# Ac and temperature problem



## Captain Moore (Apr 2, 2021)

Good afternoon, am using 2012 Chevy Cruze. Have changed the fan assembly and the sensors. Am still having problem with ac is off due to high engine temperature. Anytime I switched on the AC the fan doesn't start. It takes sometimes before starting. Any help please


----------



## jblackburn (Apr 14, 2012)

Captain Moore said:


> Good afternoon, am using 2012 Chevy Cruze. Have changed the fan assembly and the sensors. Am still having problem with ac is off due to high engine temperature. Anytime I switched on the AC the fan doesn't start. It takes sometimes before starting. Any help please


Normal for it to take a little bit (30 sec or so) before the fan kicks in.

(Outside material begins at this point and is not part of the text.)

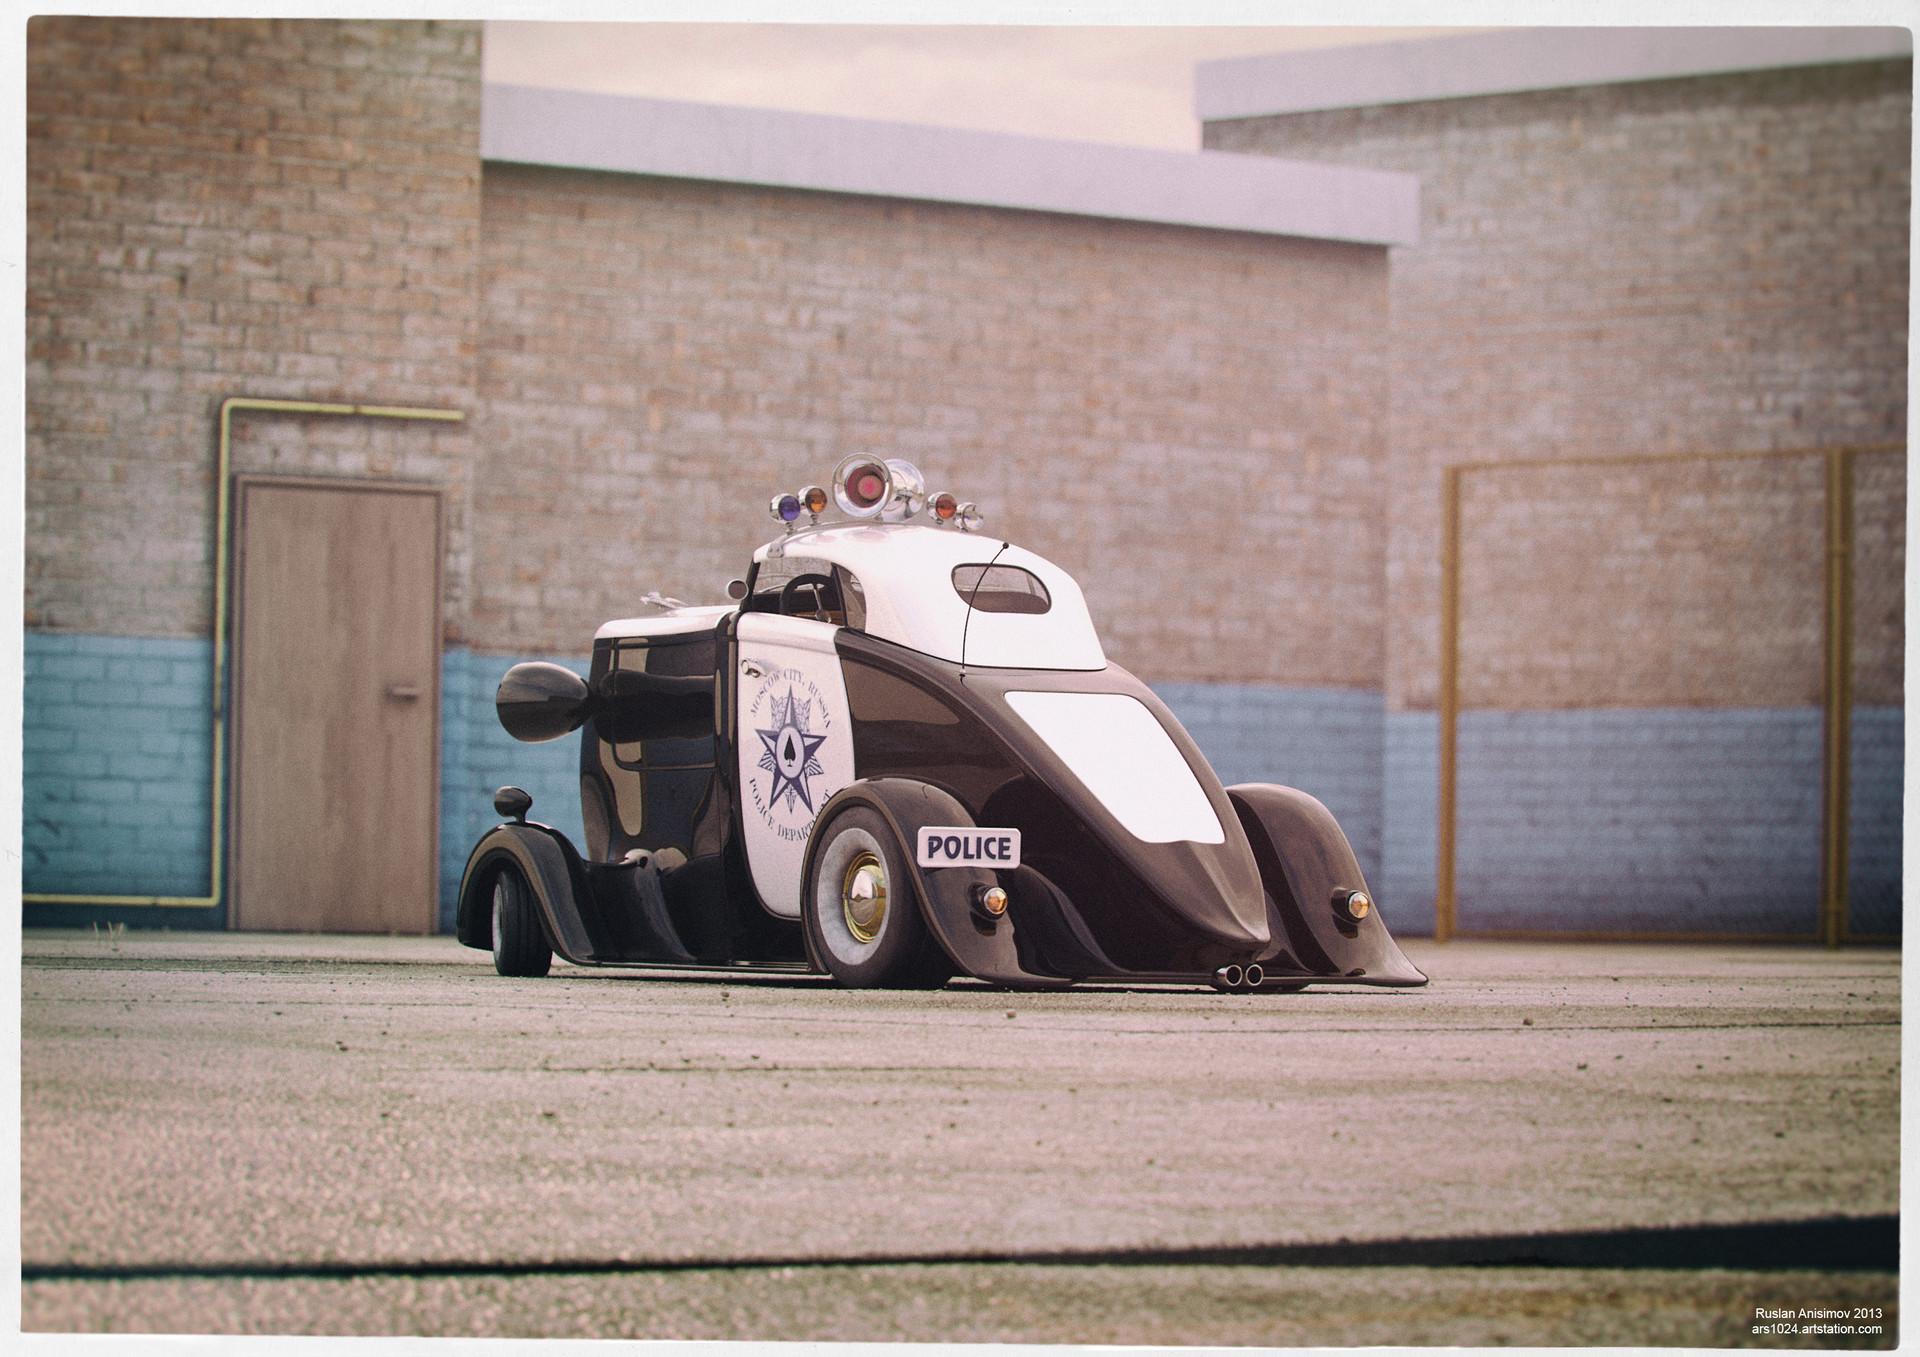 Ruslan anisimov 2013 policecar03

Change your engine temperature sensors. I assume this is a 1.6/1.8L? The video shows the location of the one on the right side of the motor on a 1.8L. GM part number 55591401






There is an additonal sensor in the radiator. P/N 55591002


----------



## Captain Moore (Apr 2, 2021)

Am 2012 Chevy Cruze 1.4L


----------



## jblackburn (Apr 14, 2012)

Captain Moore said:


> Am 2012 Chevy Cruze 1.4L


More or less the same places then. It’s behind the water outlet on the 1.4T.


----------